How many weeks has it been since I last held a pencil in this hand? It is still strange to me to feel solid ground beneath my feet while being surrounded in scents, sensations and brightness. My world after my death was initially one of a wandering ghost, able to speak and be seen by a select few until I was whisked away to a dark and shimmering place, dancing about in time for what felt like forever.. nothing bothering me.. nothing weighing me down.

I do not know how long it was, but a sudden jolt to my senses sent me roaring back to a reality I had forgotten at the back of my mind. I felt like I could touch and feel the love of my life.. like I could see and smell her tears. My body felt foreign and weighty, something I wanted to shuck off..but when I saw Gwyn once more.. all the memories of the life i had and the death I had brought upon myself to protect what was mine came rushing at me in one fell swoop.

It was amazing to see Gwyn so enamored by blood and the violent yet giving touch of Ayden. The young boy whose body I now hold possession of most of the time. When I am unable to control the movements and will of the form, I fall into a light slumber within Ayden.. and oh is it such a beautiful place to sleep. Rivers of blood, gasps and screams of pain and pleasure from Gwyn and scenes of Fletchettes glistening in moonlight darkened by gore greet me in the inner most depths of his soul.. MY SOUL. I know that now. The I am he and he is me.

He is the dark desires I have within myself, come forth in a manifestation in which I can house my once lost soul.

I am so happy to be able to love Gwyn again.. and will do anything to please her.

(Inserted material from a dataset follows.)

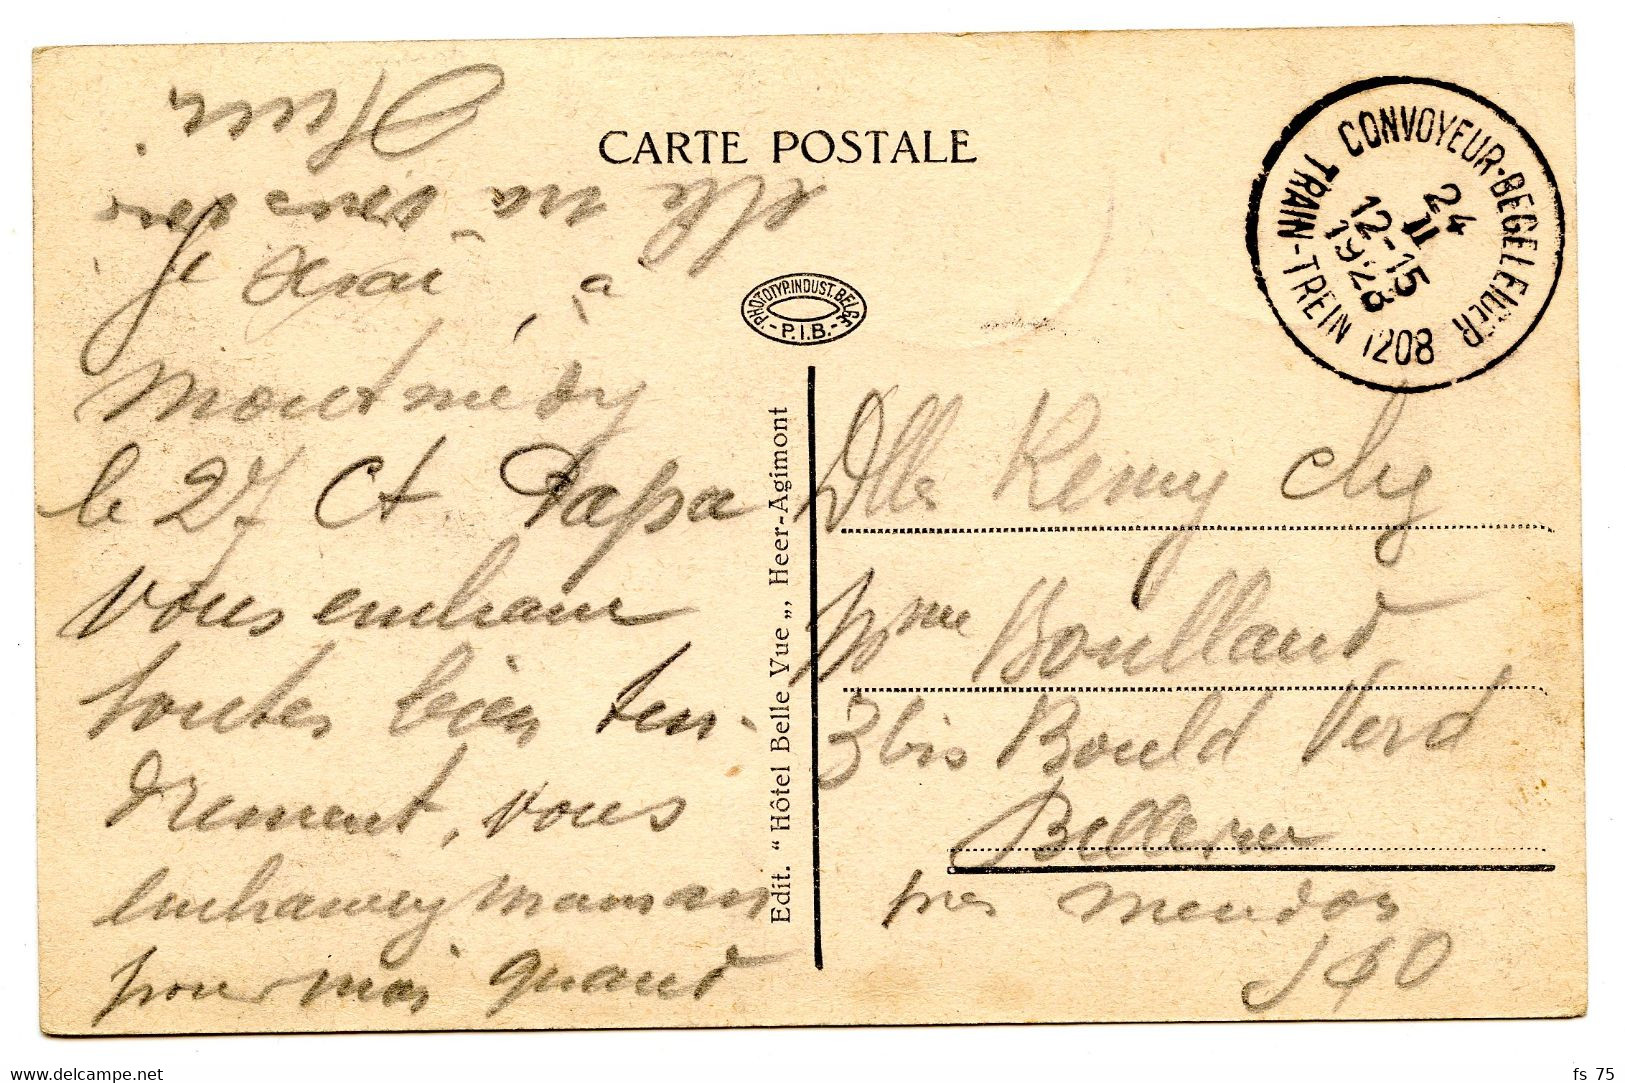 BELGIQUE - COB 193+247+255 HOUYOUX CAD BILINGUE CONVOYEUR STATION TRAIN 1208 SUR CARTE POSTALE, 1928 - Ambulante Stempels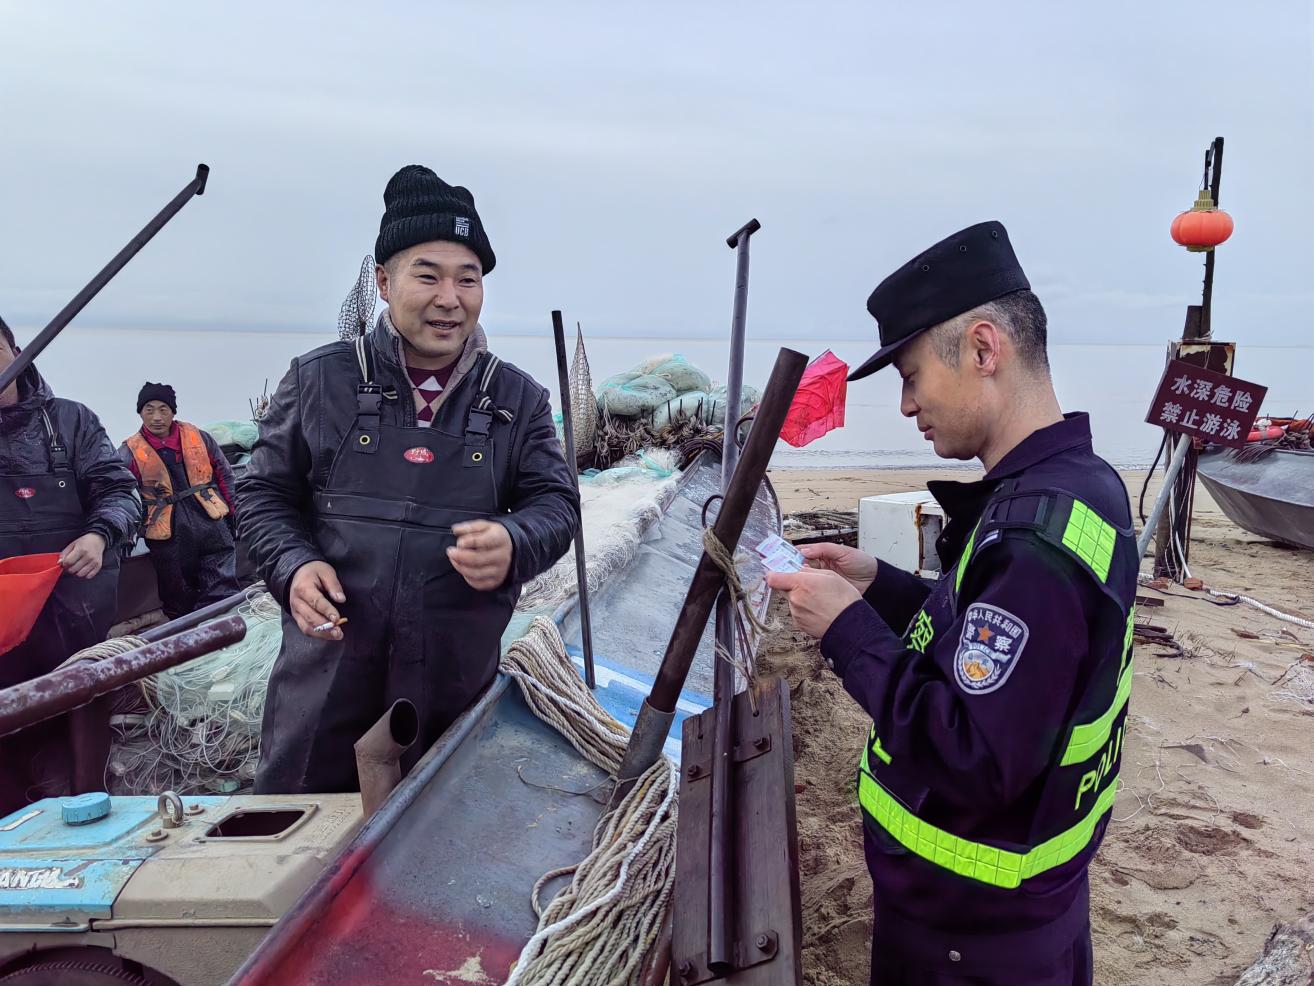 移民管理警察严格检查渔民《边境地带作业许可证》。

If I am to remain trapped in this boy's body.. it is not something so horrid when I truly think about it. I can still touch Gwyn, hold her in my arms and watch her sleep at night.. but the primal urges I have... now they are free at last. Maybe now I won't hurt her as often as I did.

I am stronger as well.. I have not told her this yet.. but I can use Twilight's Dusk just as well as Ayden can.. for he is me after all. no one will take Gwyn away from me ever again. No one will go after my father without paying the ultimate price.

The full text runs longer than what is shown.